Limitations include the cross-sectional design, lack of hormonal markers such as hepcidin, simplified dietary assessment, and restriction to a single city. Nonetheless, this study adds relevant data on anemia and dyslipidemia in Brazilian children and offers directions for future research. Multicenter longitudinal studies with novel biomarkers are needed to clarify interactions among iron metabolism, inflammation, and lipid alterations and to validate Ret-He reference intervals.

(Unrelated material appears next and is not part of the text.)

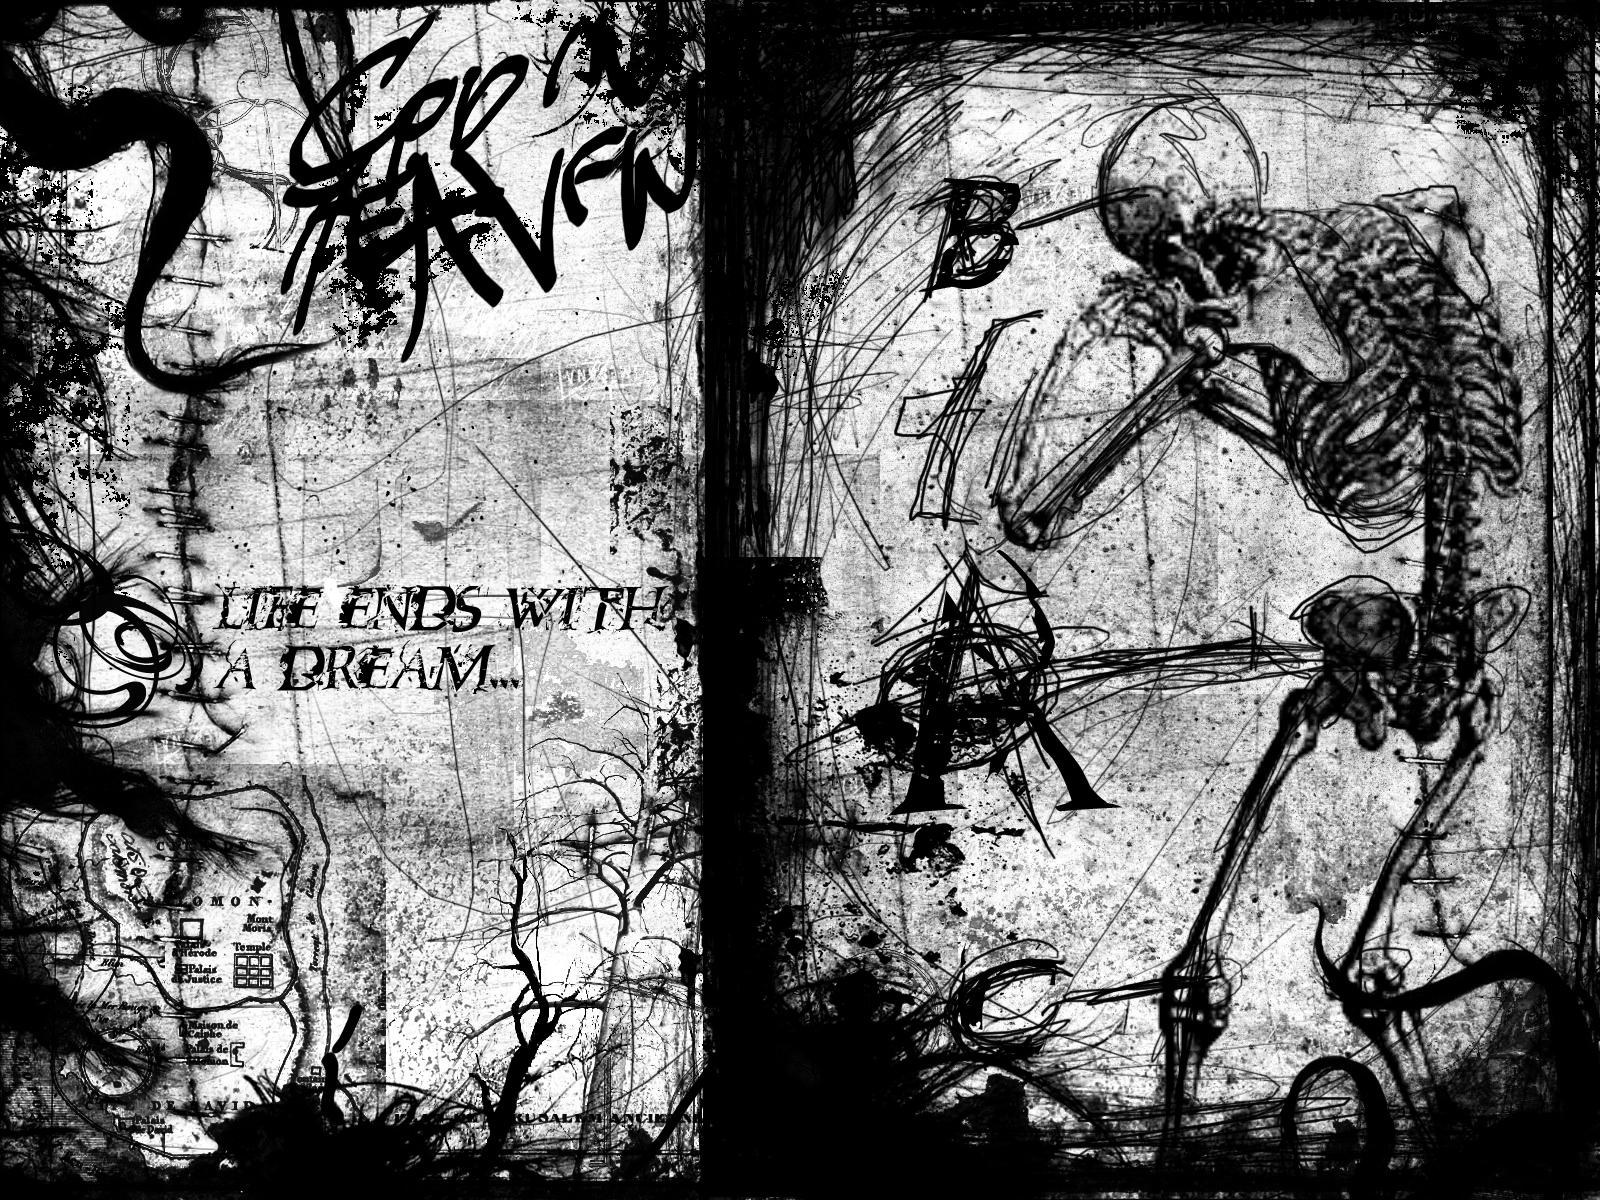 gothic wallpaper   Gothic Wallpaper 4850547 1600x1200

In conclusion, this study reveals a nutritional transition profile among Brazilian schoolchildren, characterized by a low prevalence of anemia alongside a high frequency of dyslipidemia. Although Ret-He values did not differ across nutritional status categories, this parameter proved to be a relevant functional marker of iron status and was independently associated with systemic inflammation, as reflected by CRP levels. The integrated assessment of hematological, inflammatory, and lipid biomarkers highlights the interplay between nutritional status and cardiometabolic risk early in life. These findings support the relevance of simple and widely accessible biomarkers as complementary tools for early risk stratification and public health surveillance in pediatric populations.